* Your objective *
Could you report every line from the entries that includes the word "Nike"?

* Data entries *
* * * *

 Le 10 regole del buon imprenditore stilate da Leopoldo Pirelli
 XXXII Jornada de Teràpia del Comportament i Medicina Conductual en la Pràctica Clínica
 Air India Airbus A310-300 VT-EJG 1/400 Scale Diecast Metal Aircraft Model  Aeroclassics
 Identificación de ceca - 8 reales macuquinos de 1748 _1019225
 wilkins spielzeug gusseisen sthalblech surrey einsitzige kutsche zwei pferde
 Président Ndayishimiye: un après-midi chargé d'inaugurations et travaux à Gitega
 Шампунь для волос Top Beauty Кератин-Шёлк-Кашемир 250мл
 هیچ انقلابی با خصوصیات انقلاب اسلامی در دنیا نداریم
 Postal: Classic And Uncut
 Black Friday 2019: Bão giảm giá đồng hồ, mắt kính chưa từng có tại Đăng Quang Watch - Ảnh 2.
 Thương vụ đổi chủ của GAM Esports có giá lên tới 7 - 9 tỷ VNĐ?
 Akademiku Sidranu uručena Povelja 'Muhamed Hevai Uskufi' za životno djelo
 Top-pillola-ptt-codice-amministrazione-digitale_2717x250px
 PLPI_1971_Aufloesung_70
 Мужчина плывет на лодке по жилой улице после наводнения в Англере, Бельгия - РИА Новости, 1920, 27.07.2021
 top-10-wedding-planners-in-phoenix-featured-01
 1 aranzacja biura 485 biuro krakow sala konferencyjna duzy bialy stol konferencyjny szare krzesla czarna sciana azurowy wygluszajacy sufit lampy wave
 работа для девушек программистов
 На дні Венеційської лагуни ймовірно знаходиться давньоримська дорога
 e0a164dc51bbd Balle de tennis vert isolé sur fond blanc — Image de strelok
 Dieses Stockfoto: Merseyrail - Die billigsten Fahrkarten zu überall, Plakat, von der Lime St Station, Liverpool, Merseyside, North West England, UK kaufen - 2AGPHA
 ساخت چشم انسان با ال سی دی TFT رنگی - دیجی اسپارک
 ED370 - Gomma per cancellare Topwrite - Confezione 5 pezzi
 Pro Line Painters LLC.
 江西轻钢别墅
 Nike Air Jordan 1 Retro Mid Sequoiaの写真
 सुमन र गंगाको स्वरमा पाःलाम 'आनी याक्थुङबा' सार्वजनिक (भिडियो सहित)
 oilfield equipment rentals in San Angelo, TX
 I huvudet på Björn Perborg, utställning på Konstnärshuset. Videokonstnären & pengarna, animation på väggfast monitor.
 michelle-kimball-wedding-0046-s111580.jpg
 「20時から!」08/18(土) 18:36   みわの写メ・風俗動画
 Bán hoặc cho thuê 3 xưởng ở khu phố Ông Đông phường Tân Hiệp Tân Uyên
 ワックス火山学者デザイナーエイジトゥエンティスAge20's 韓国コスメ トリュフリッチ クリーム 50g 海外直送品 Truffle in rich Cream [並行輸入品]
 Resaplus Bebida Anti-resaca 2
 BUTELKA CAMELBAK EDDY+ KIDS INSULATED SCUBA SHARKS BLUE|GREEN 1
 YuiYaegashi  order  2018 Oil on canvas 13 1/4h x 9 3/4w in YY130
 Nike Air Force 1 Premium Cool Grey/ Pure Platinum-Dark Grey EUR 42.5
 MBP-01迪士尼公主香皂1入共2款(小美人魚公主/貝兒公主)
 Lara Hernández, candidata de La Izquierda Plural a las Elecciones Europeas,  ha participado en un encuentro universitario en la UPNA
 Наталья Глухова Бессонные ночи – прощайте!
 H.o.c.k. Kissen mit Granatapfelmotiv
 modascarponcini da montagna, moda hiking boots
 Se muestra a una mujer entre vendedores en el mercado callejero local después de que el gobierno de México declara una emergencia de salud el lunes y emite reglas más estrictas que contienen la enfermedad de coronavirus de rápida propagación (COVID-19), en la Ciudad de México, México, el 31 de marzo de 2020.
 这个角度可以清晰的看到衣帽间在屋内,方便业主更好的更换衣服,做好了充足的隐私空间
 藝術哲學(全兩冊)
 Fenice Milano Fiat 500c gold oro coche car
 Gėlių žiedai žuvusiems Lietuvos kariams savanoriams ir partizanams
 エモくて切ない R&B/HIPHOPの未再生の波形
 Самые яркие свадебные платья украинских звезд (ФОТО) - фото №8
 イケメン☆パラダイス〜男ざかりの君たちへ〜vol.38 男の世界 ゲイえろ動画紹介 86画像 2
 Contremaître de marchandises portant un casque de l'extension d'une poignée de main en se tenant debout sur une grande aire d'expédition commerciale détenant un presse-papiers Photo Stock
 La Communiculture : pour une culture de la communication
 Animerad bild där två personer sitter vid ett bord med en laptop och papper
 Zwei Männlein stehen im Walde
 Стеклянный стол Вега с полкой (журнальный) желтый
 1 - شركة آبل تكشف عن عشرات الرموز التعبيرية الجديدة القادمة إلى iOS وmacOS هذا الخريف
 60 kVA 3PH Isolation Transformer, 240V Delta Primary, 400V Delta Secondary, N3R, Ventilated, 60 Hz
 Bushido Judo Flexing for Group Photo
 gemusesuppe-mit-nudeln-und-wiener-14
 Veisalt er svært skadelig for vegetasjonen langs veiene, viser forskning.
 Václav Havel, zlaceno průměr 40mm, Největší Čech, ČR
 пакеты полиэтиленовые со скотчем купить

* * * *

* Exercise result *
 Nike Air Jordan 1 Retro Mid Sequoiaの写真
 Nike Air Force 1 Premium Cool Grey/ Pure Platinum-Dark Grey EUR 42.5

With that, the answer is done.